DATA EXCERPT:
-*-*-

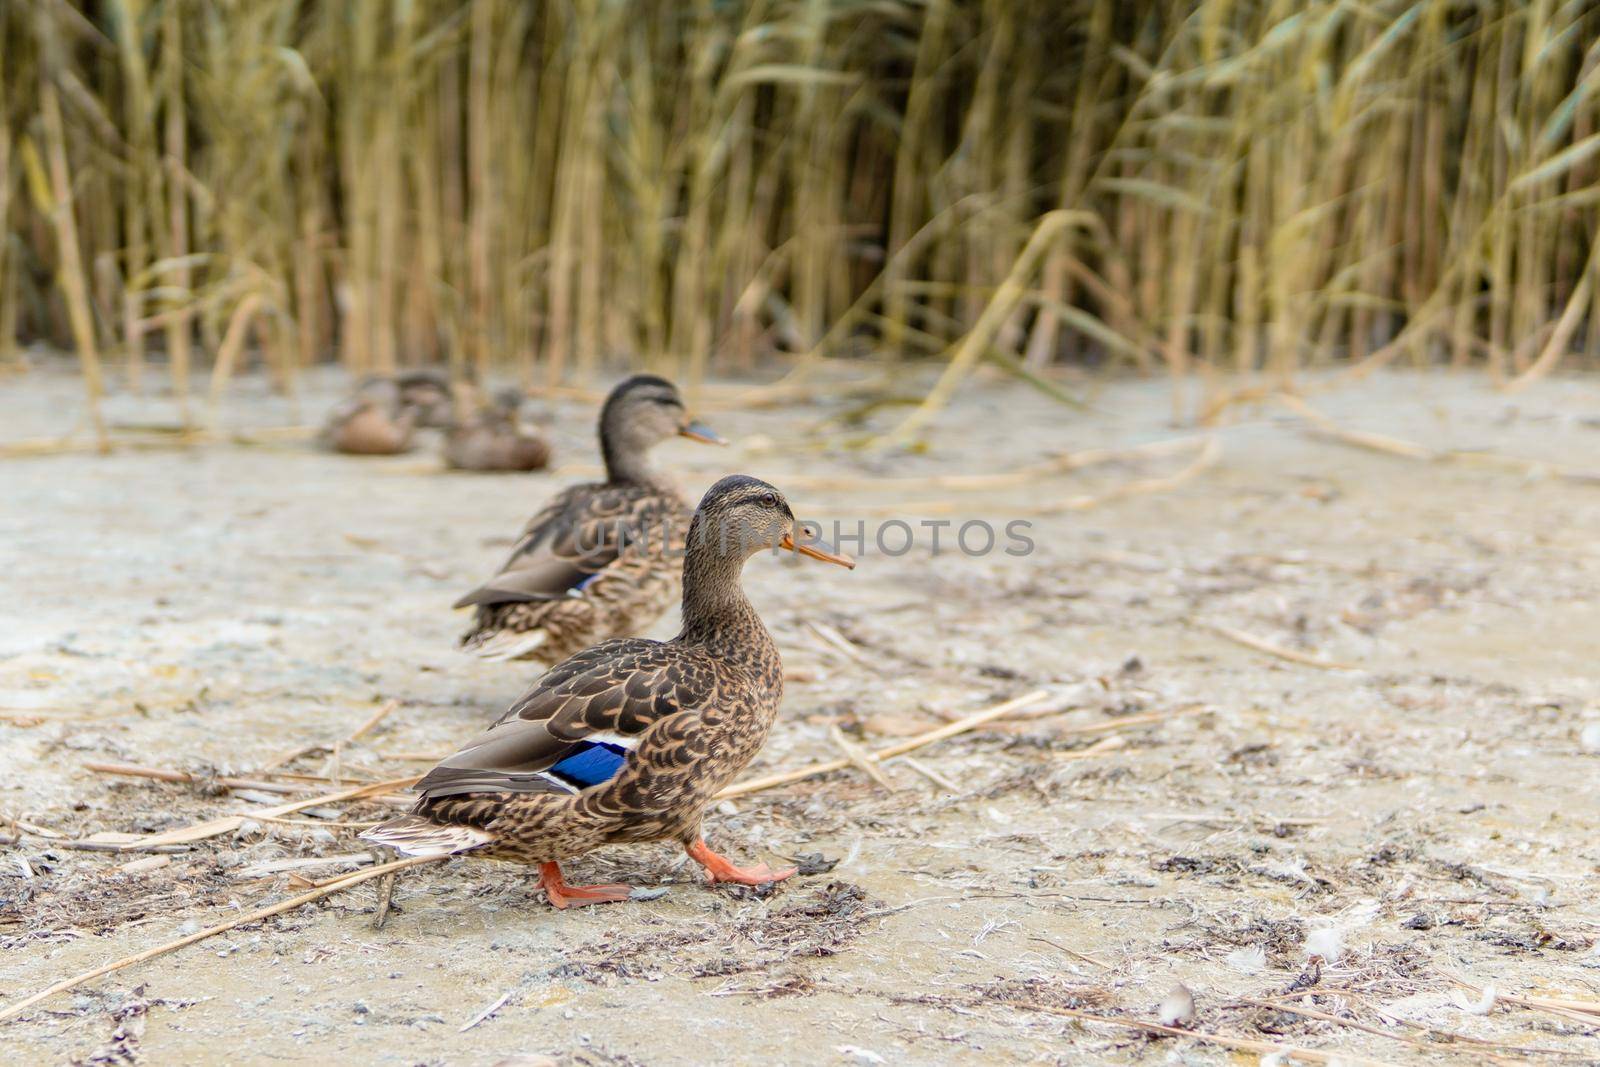 Ducks On The Beach 2 - In The Background Reeds. High quality photo
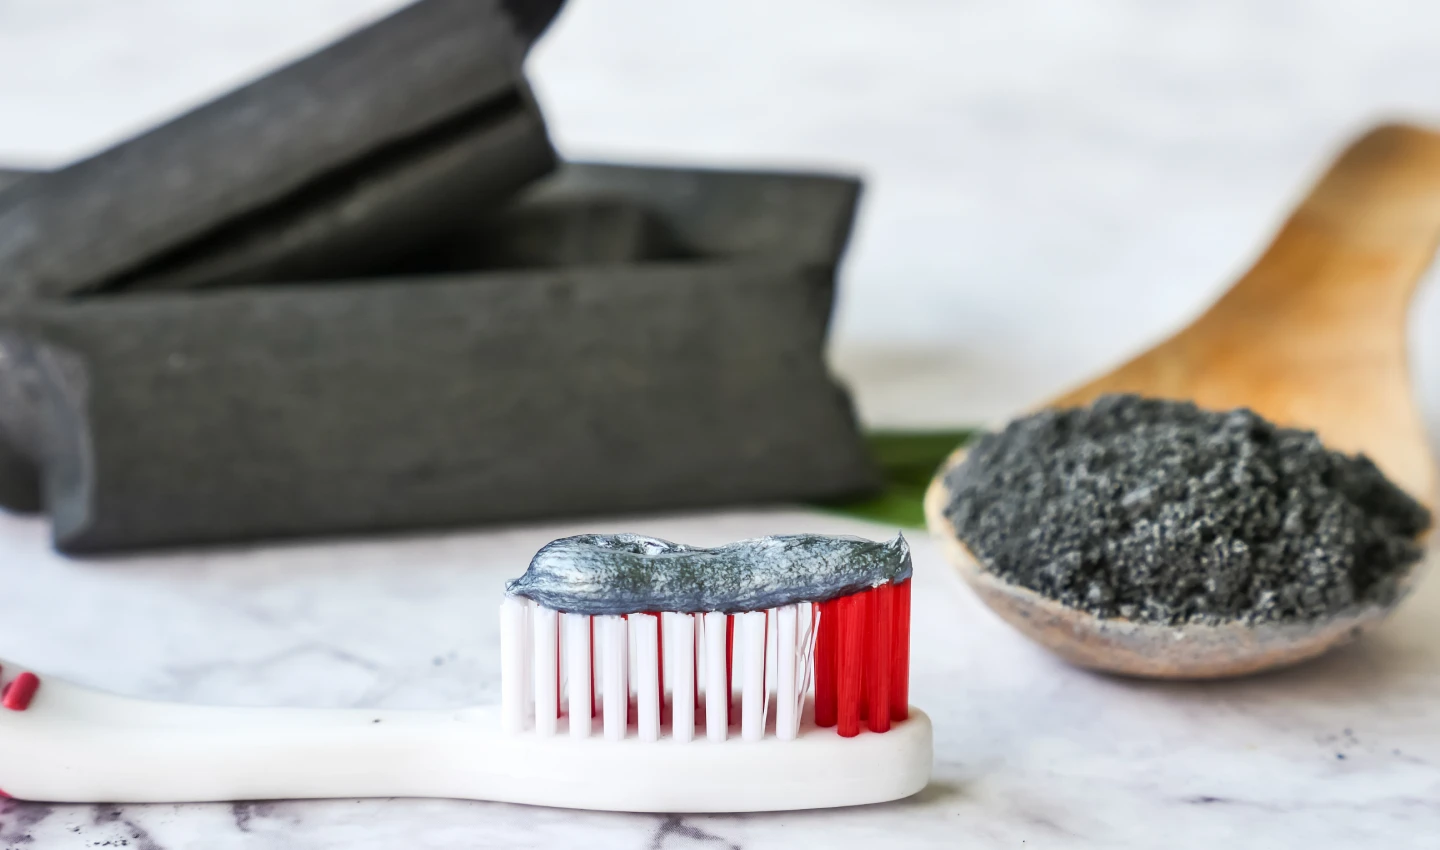 A toothbrush with charcoal toothpaste and charcoal in the background, representing charcoal-infused toothpastes.
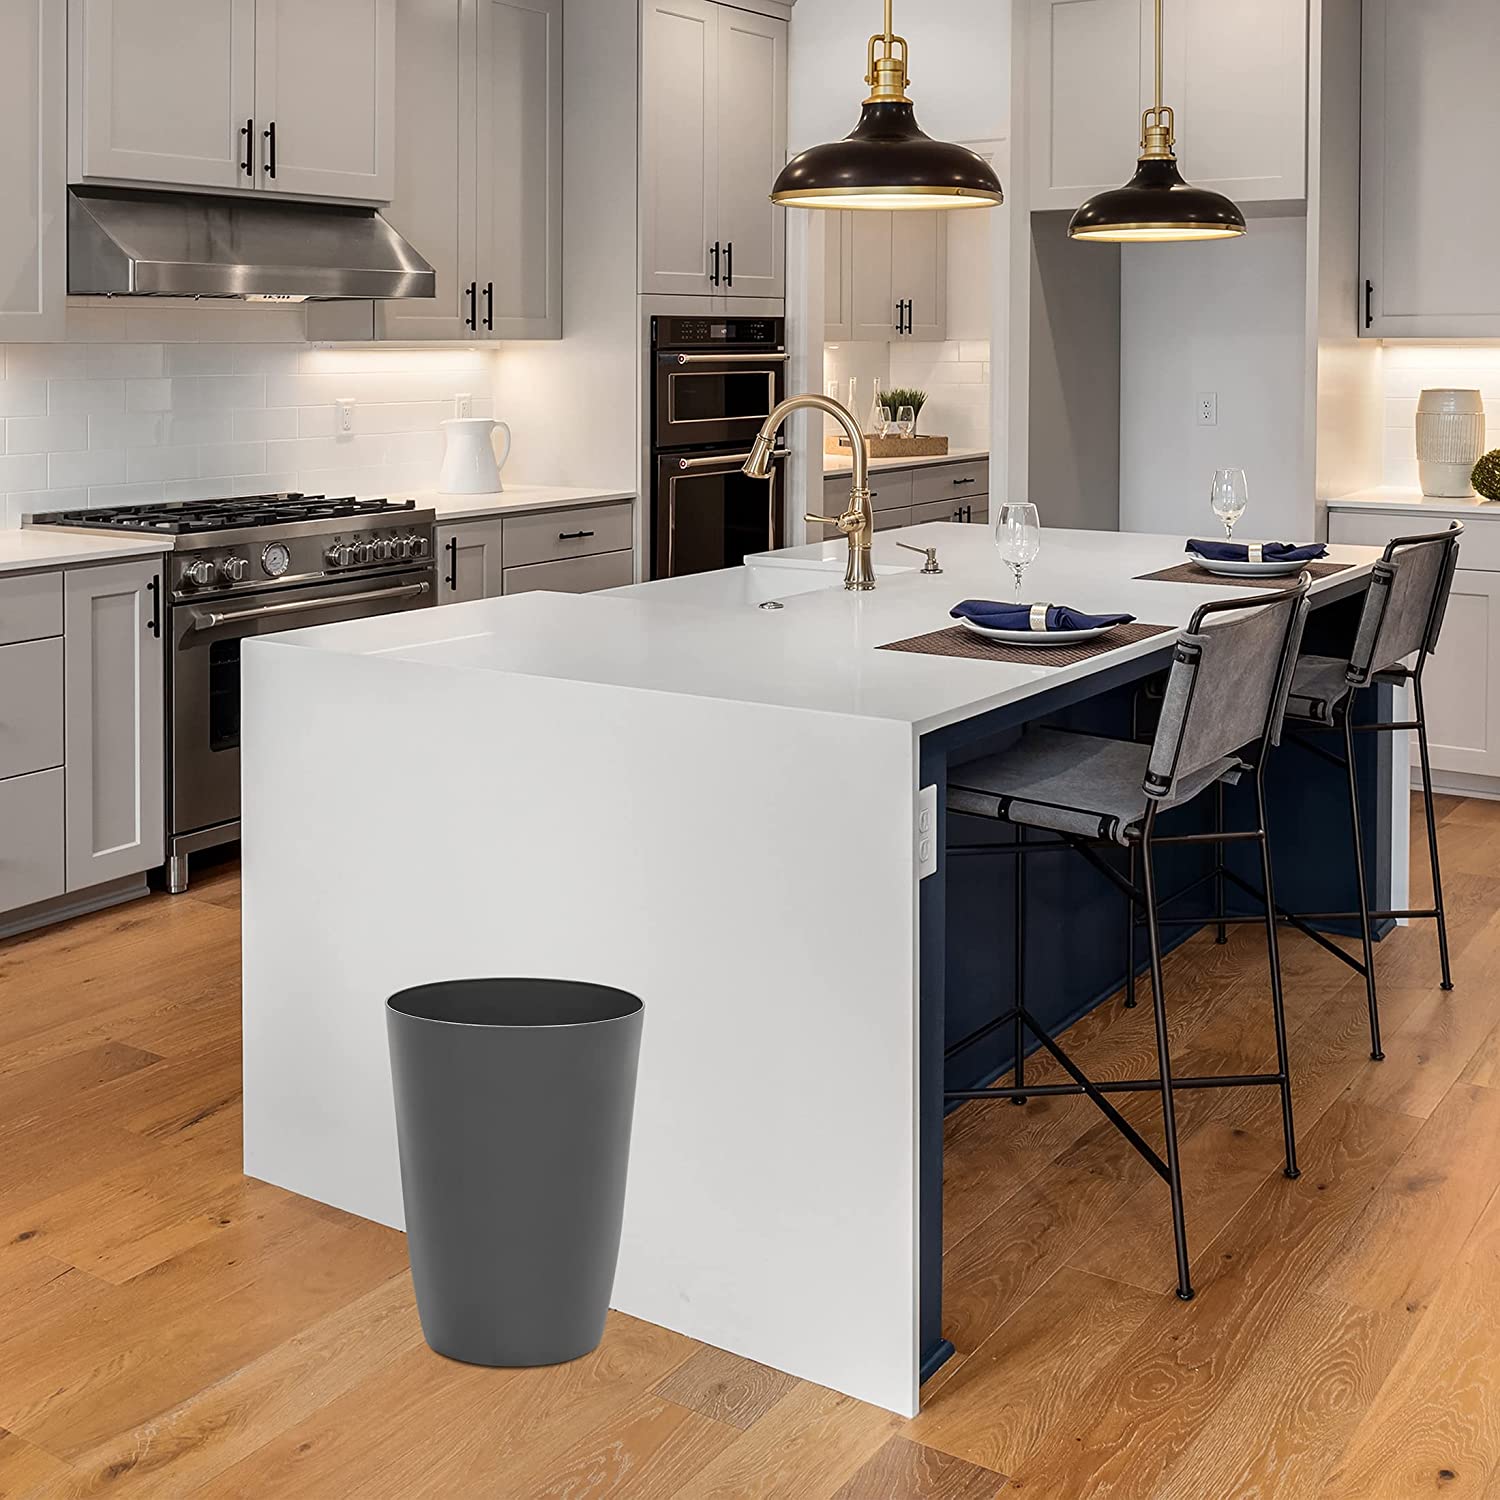 Kitchen Trash Can Bedroom Garbage Can Garbage Can Large Office

-*-*-

EXERCISE DETAILS: Repeat the line containing "A toothbrush with" and every line after it up to the end of the material above, exactly as they stand, minus the pictures.

RESULT FOR THIS EXERCISE:
 A toothbrush with charcoal toothpaste and charcoal in the background, representing charcoal-infused toothpastes.
 Kitchen Trash Can Bedroom Garbage Can Garbage Can Large Office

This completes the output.